Siapa pun yang mengecat dinding di sini pasti memiliki jalan imajinasi yang luar biasa. Tapi bukankah itu sistem pendidikan? Mengisi pikiran dengan fakta bahwa kita dapat browsing daripada mengajarkan kita bagaimana berpikir, mempertanyakan fakta, bereksperimen dan mengeksplorasi. Ini bukan tahun 1900 lagi, mereka tidak mempersiapkan kita untuk masuk dan keluar di pabrik.

Ah, pikiran Anzu mulai meracau lagi, dan ini hanya warna dari tembok!

Suara berdeham membuat para siswa segera menempati tempat duduk membuat kelas menjadi diam.

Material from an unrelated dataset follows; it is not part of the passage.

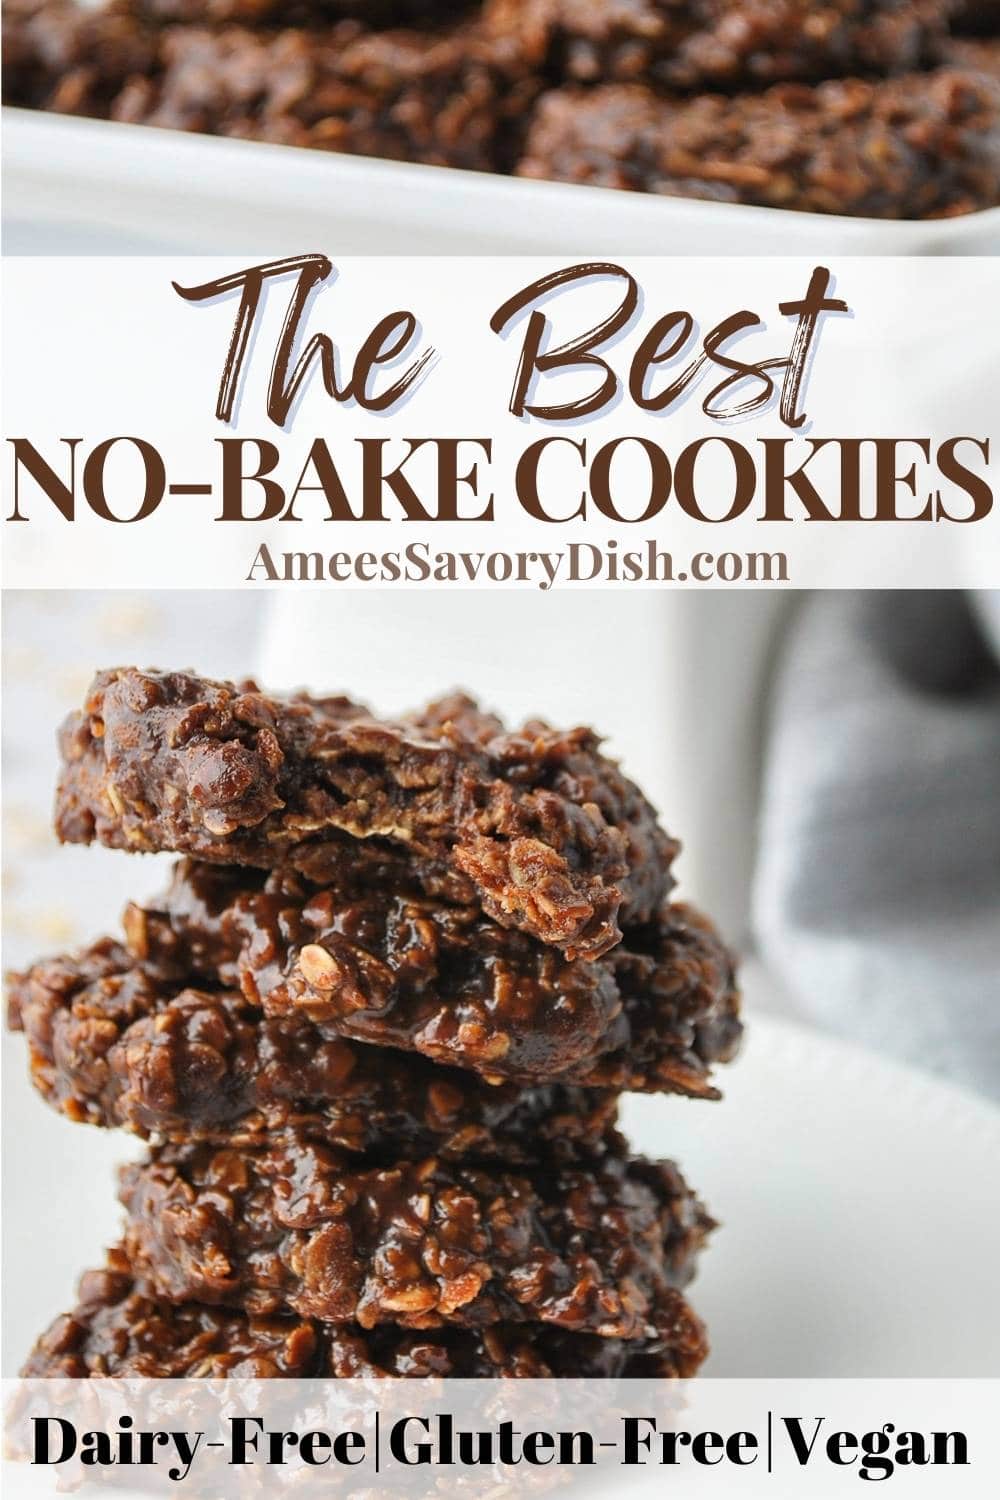 This Dairy-Free No-Bake Cookies recipe makes soft and chewy chocolate-peanut butter oatmeal cookies with healthy ingredients in just 10 minutes -no baking needed! via @Ameessavorydish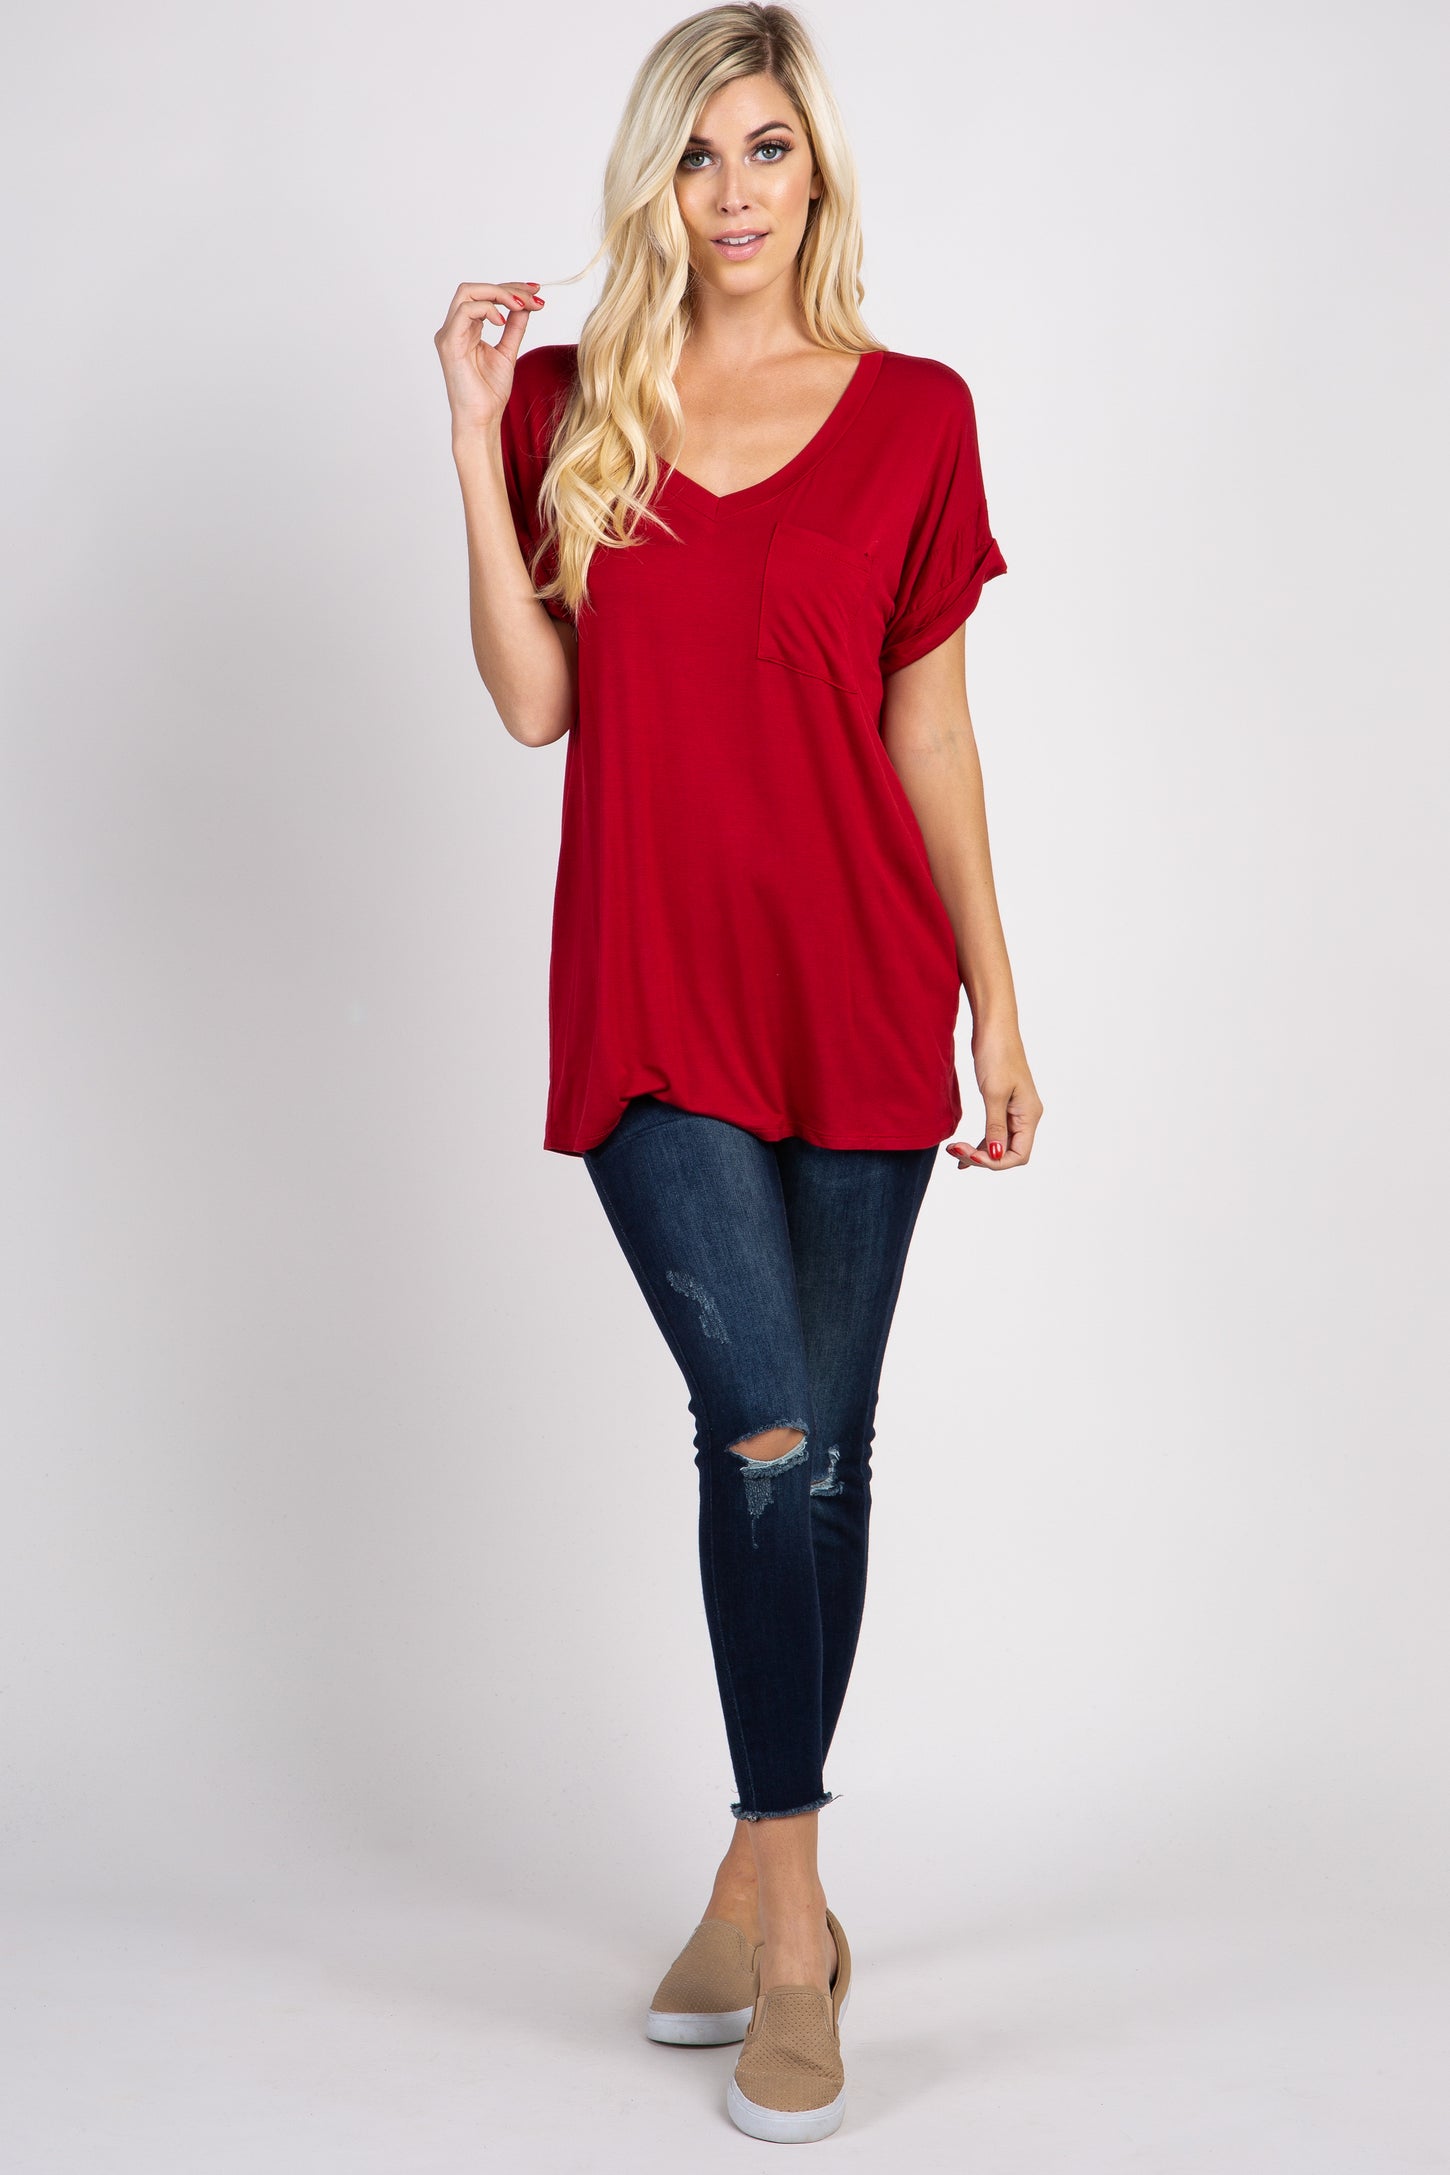 Red Solid Pocket Front Top

Guru itu memiliki tanda seperti elang. Bahkan hidungnya melengkung macam paruh. Dia memiliki mata biru pucat yang mampu membekap dalam es, jika kamu berani tidak setuju atau berbicara tidak pada gilirannya. Dia kurus; sekurus tongkat sihir, sehingga sulit membayangkan dia makan banyak–setidaknya ia memang menyeka bibirnya yang sempit setiap habis gigitan. Rambutnya tak begitu pirang seperti cokelat yang dicuci–tidak bisa diganggu untuk menjadi warna lain sama sekali. Seperti banyak wanita seusianya dia memotongnya untuk menyembunyikan kurangnya volumenya. Tidak mungkin di dunia ini wanita ini memiliki kehidupan rumah tangga yang bahagia. Jika dia punya suami mungkin akan dikecam. Setiap gerakan yang ia lakukan mengkhianati kefrustrasian internal di dalam dirinya. Di kelas dia adalah monster yang dirantai–terikat oleh peraturan dan ketetapan. Satu abad yang lalu dia pasti pernah brutal dengan sebuah tongkat, Anzu yakin.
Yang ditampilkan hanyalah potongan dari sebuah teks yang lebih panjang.